Required action: Please reproduce the entries below exactly as they stand, but leave the pictures out.

Given data:
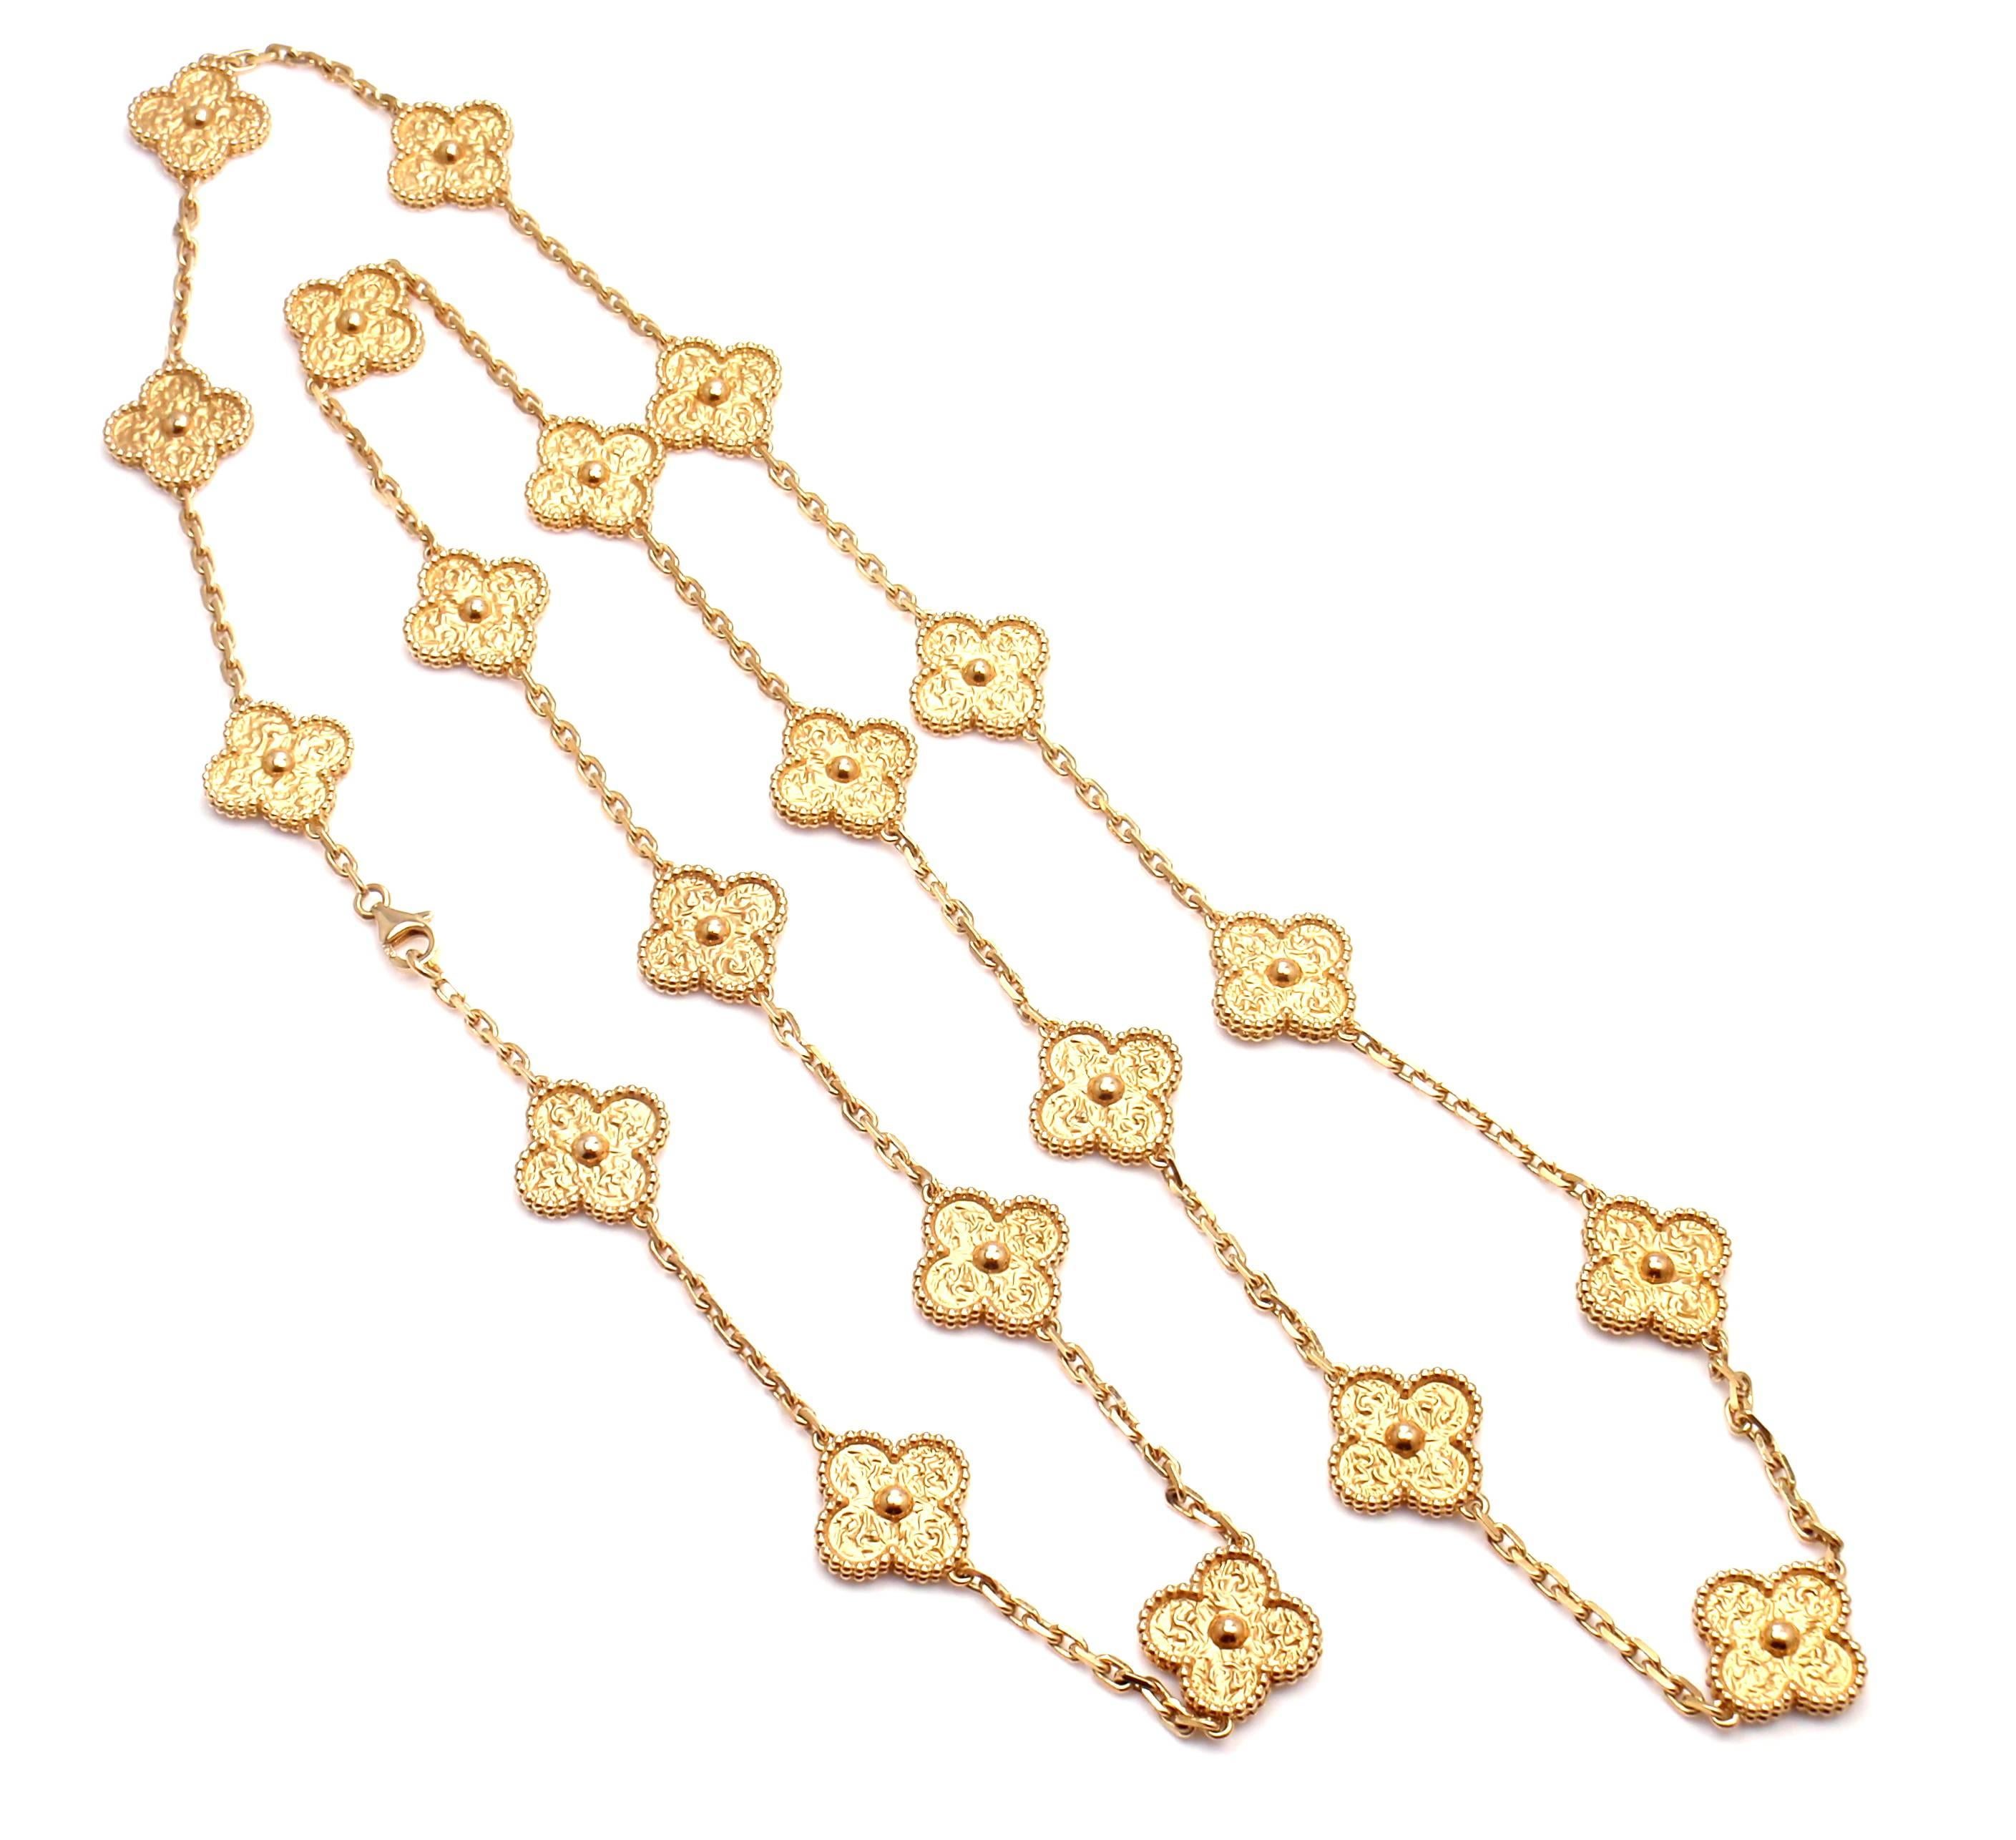 18k Yellow Gold Alhambra 20 Motif Necklace by Van Cleef & Arpels. 
With 20 motifs of 18k yellow gold alhambras 15mm each.
This necklace comes with VCA box and certificate.
Details: 
Length: 33

Task answer:
 18k Yellow Gold Alhambra 20 Motif Necklace by Van Cleef & Arpels. 
With 20 motifs of 18k yellow gold alhambras 15mm each.
This necklace comes with VCA box and certificate.
Details: 
Length: 33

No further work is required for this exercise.